Sorority Babes in the Slimeball Bowl-O-Rama adalah film besutan David DeCoteau yang kayaknya pernah dengar di mana, beberapa kali nongol di film dini hari Trans TV. Film-film horor kelas B gitu lah, nothing new. Saya tergoda saja nonton di Shudder karena ingin tahu batas kekejuan (cheesiness, ngawur memang)-nya sampai di mana.
Plot super tipis, di mana sekumpulan mahasiswi yang mau masuk rumah persaudaraan (sorority) yang sedang melakukan inisiasi (mirip kayak digejrot, eh diplonco gitu kali ya), berbarengan dengan tiga remaja yang ketahuan ngintip prosesi tersebut, diminta mendobrak mal di malam hari dan mengambil trofi area boling. Tak sengaja, mereka melepaskan makhluk imp yang mampu merasuki dan membunuh mereka satu-persatu.Film horor itu tak perlu pintar! Karena kalau diisi oleh pemain-pemain pintar, filmnya akan habis di tiga menit pertama karena mampu melihat masalah yang mungkin muncul sebagai konsekuensi sebuah tindakan bodoh. Film ini adalah salah satu contoh epitome terbesar film kelas B yang lahir ke dunia ini tanpa mengindahkan logika sama sekali. Persis logika film esek-esek. Film ini hanya bermodalkan mal kosong, perempuan siap buka baju, mobil terbalik, dan spesial efek listrik-listrik biru (yang sepertinya menghiasi film horor tahun 80-90-an).
Seharusnya, dengan aspek komedi yang pas dan akting yang mendingan, film ini bisa jadi se-campy film Braindead yang konyol itu atau sekejam Evil Dead.
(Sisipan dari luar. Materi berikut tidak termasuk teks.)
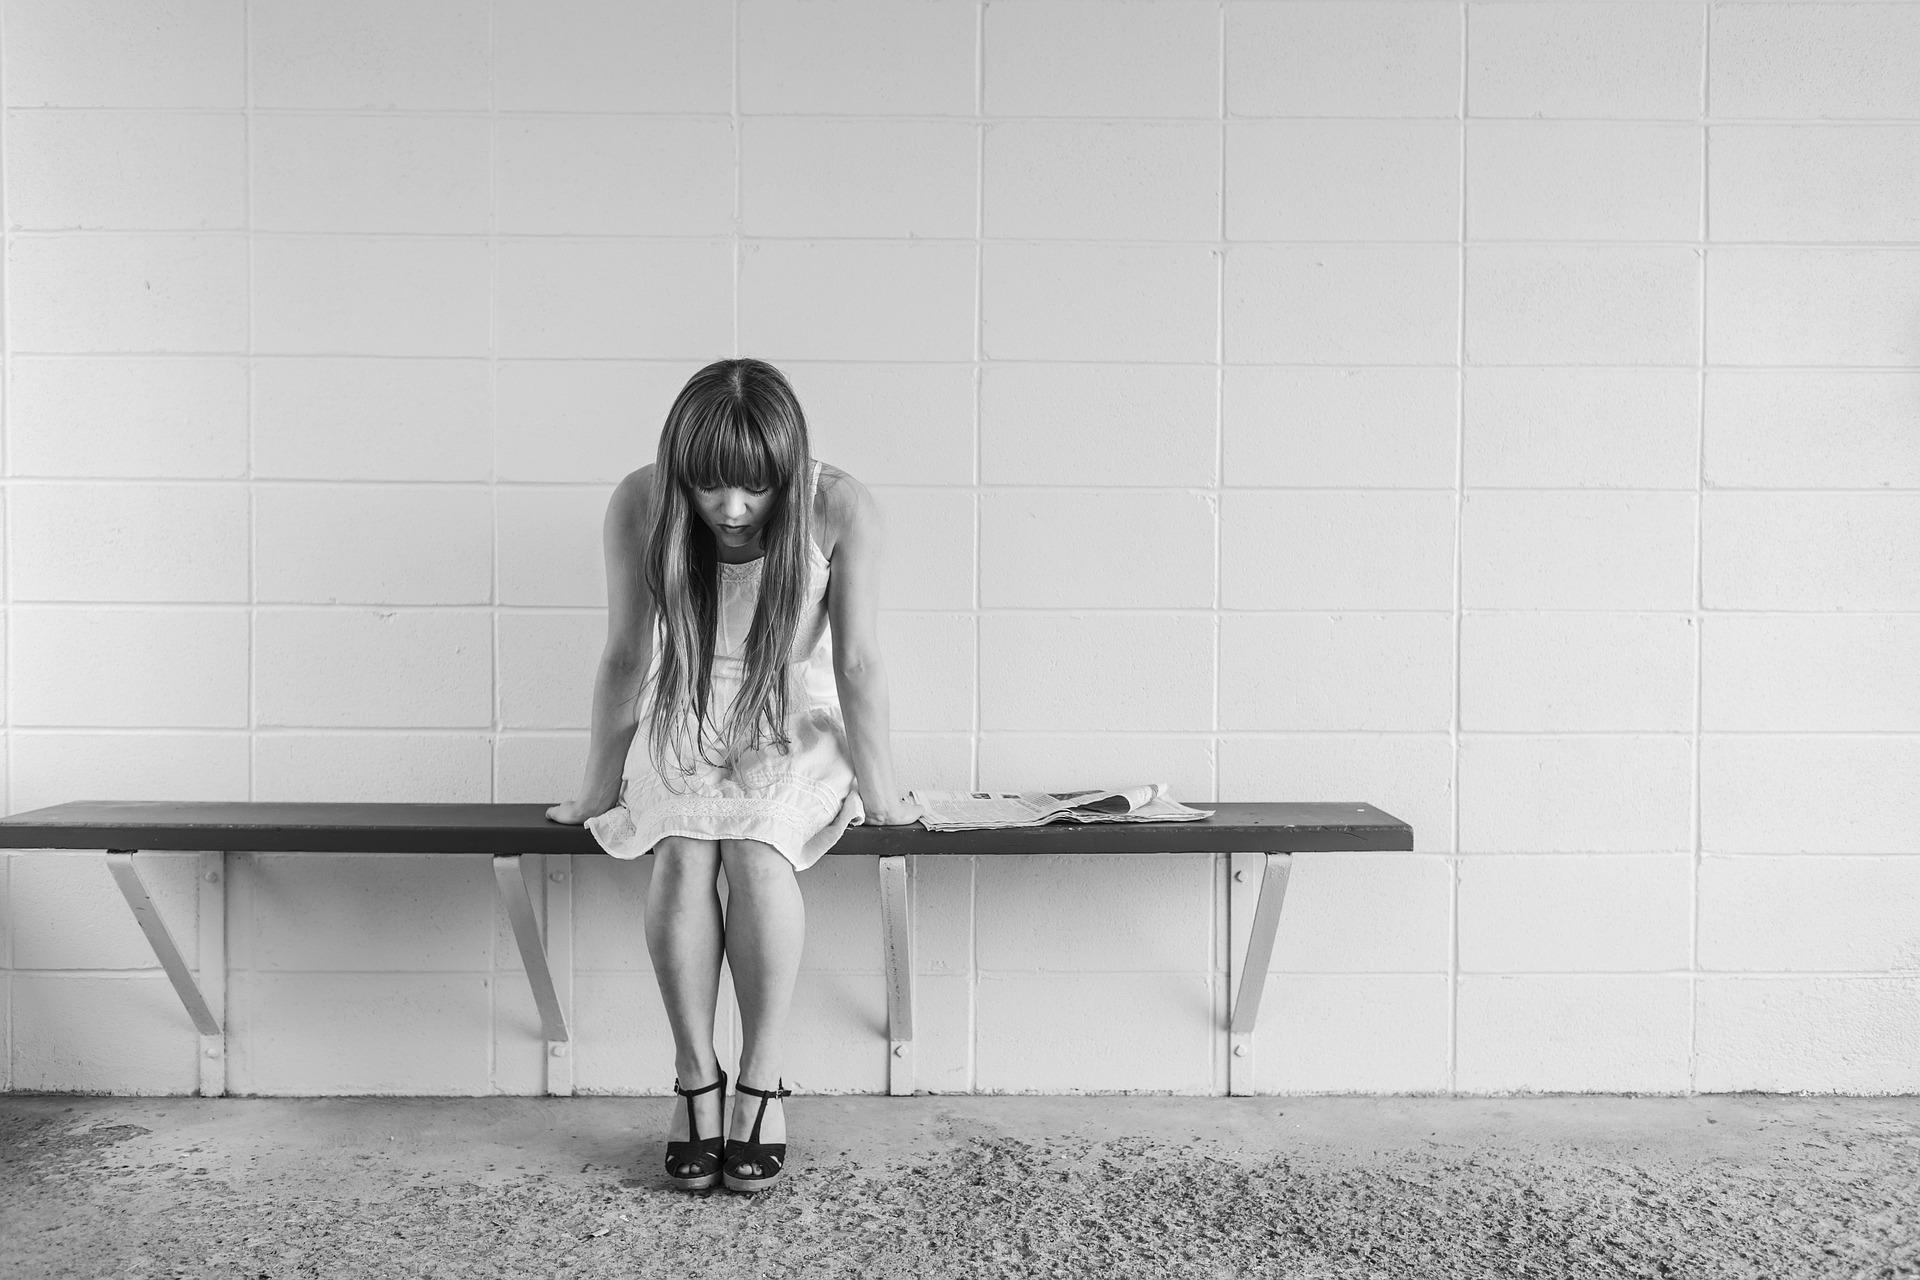 イライラしがちな生理痛を和らげるためのオススメ食生活
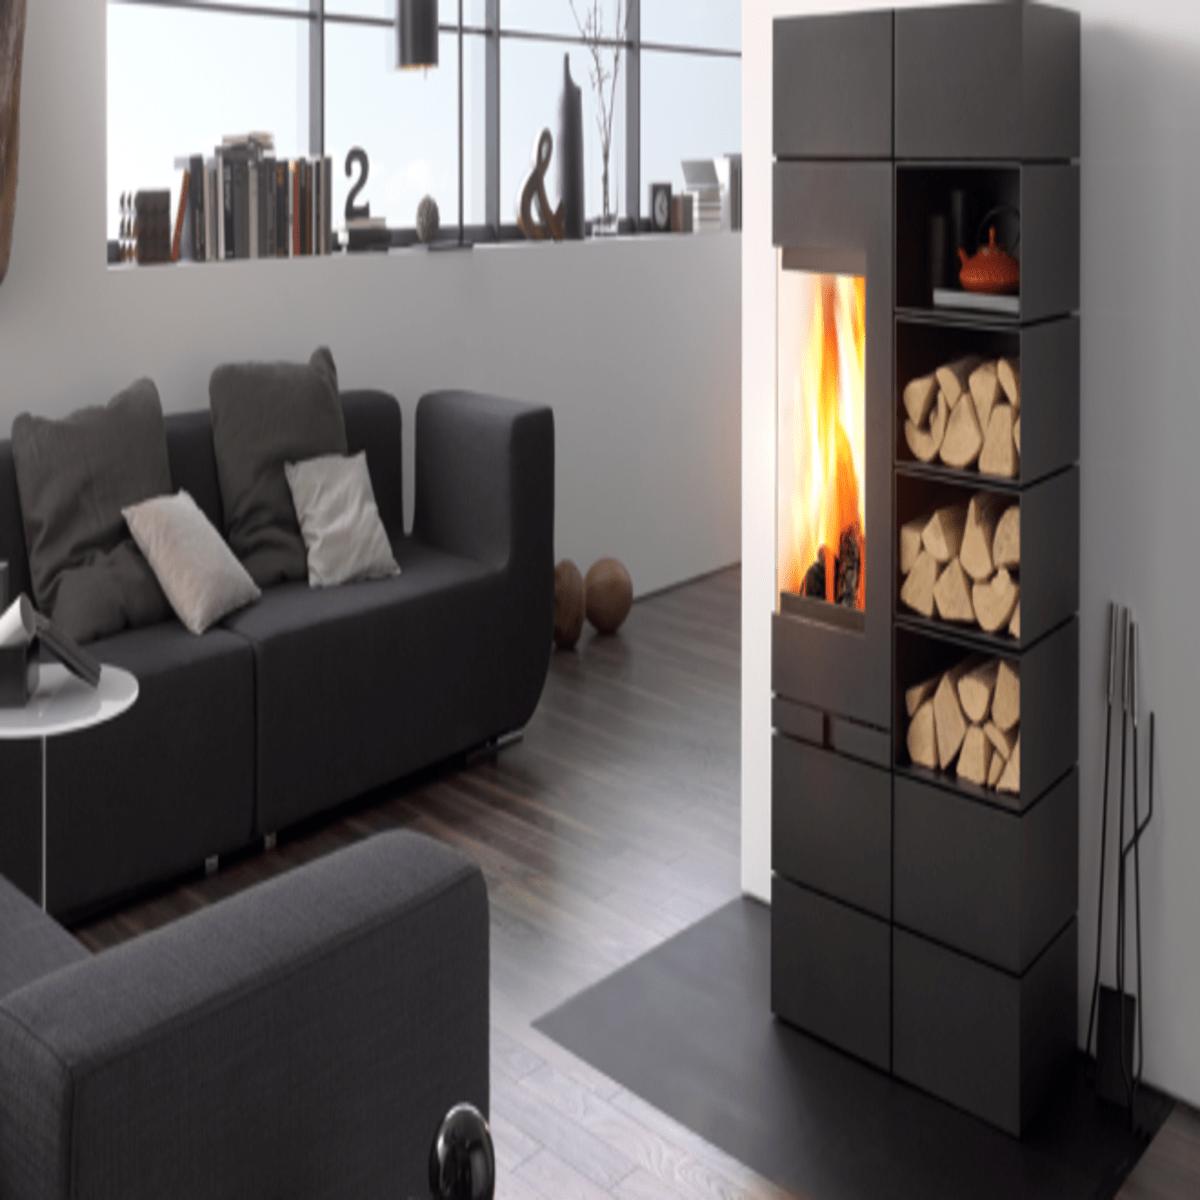 einbau kaminofen kosten kamin einbauen lassen luxus kosten einbau schane elegant lager von. Black Bedroom Furniture Sets. Home Design Ideas

Kalau cuma casting perempuan siap buka baju sih ... saya rasa banyak film yang menawarkan hal serupa. Mungkin si sutradara juga diminta untuk menghentikan visinya sampai di sana ya, sehingga dari aspek teknis pun, film ini terasa kurang seru karena tidak melibatkan special makeup effects yang maksimal, seperti darah yang kelojotan (eh, memangnya darah bisa kelojotan?).
Film ini tidak sempat mengeksplorasi adegan di mal jadi lebih berkesan, misalnya menggunakan properti-properti di dalam mal untuk menjebak temannya yang kerasukan, menunjukkan kejar-kejaran di mal pun rasanya tidak banyak. Akting yang kadang-kadang super tidak natural, hanya berhasil dibantu oleh karakter wanita utama Spider (yang saya terlalu malas untuk mencari nama aslinya) yang ditulis dengan lebih mendalam (dan sarkastik di setiap menitnya).
Yah, memang film ini hanya sekadar untuk buka-bukaannya itu saja kok. Saya berusaha lihat aspek cerita yang lain tapi tidak terlalu menikmati. Jadi mungkin, sebaiknya film ini memang tidak untuk ditonton dengan sengaja, melainkan saat Anda terbangun tiba-tiba di tengah malam dan menyetel televisi sambil mengerjap-ngerjapkan mata.